>>>>

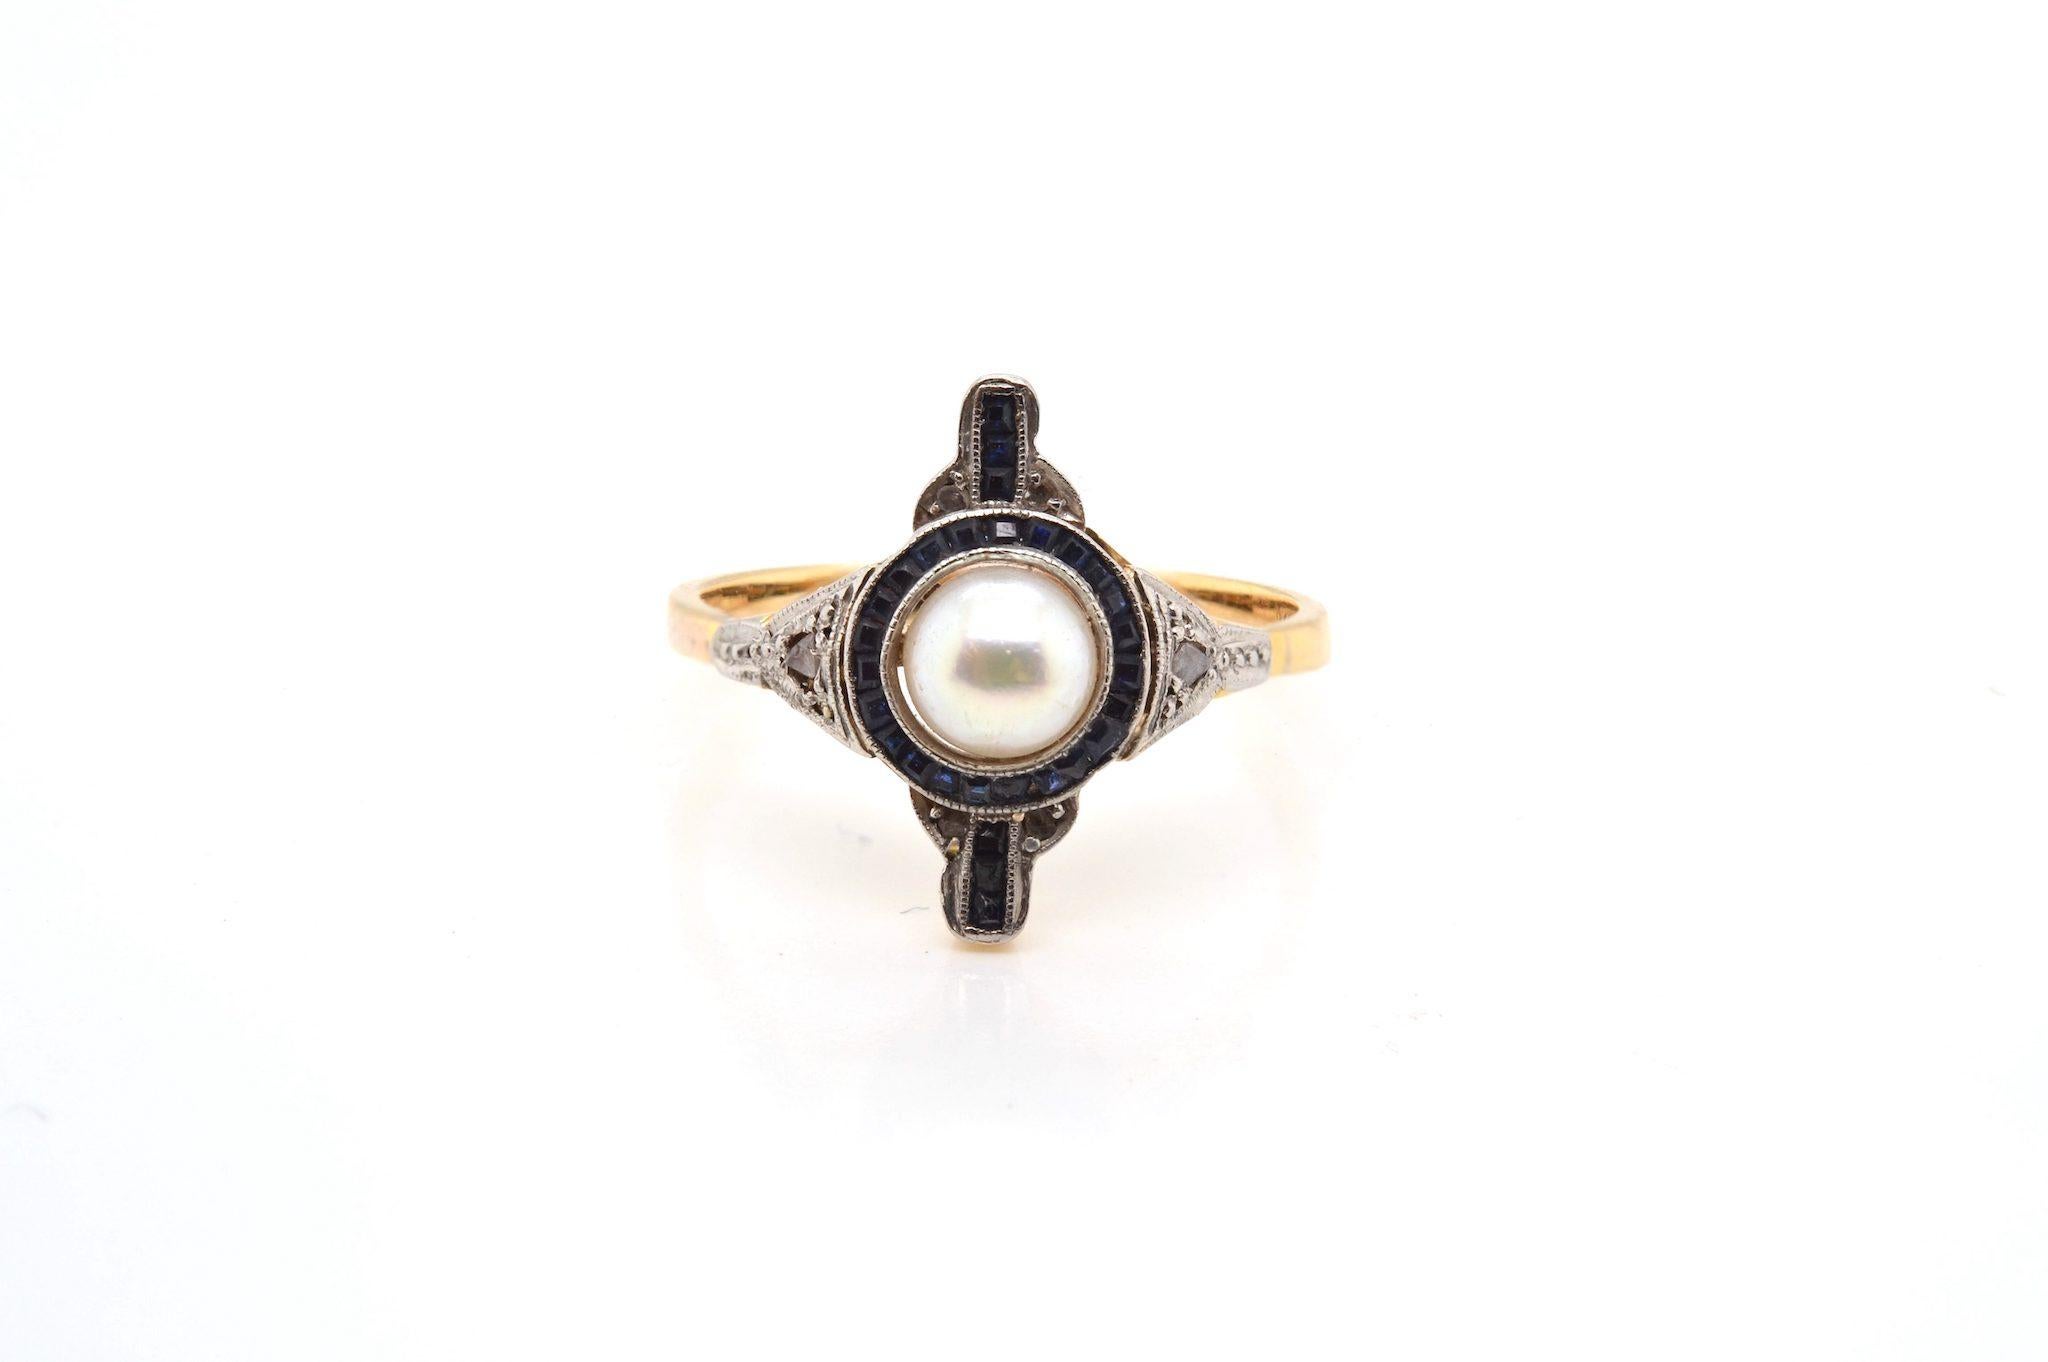 Stones: 1 cultured pearl of 6mm, calibrated sapphires and small diamonds
Dimensions: 1.6cm x 1.2cm
Material: Gold and platinum
Weight: 2.7g
Finger size: 55 (free sizing)
Certificate
Ref. : 24969

<<<<

▶ **ABOUT THIS TASK**: Restate the whole listing word for word. Omit the pictures.

▶ **SOLUTION FOR THIS PROBLEM**:
 Stones: 1 cultured pearl of 6mm, calibrated sapphires and small diamonds
Dimensions: 1.6cm x 1.2cm
Material: Gold and platinum
Weight: 2.7g
Finger size: 55 (free sizing)
Certificate
Ref. : 24969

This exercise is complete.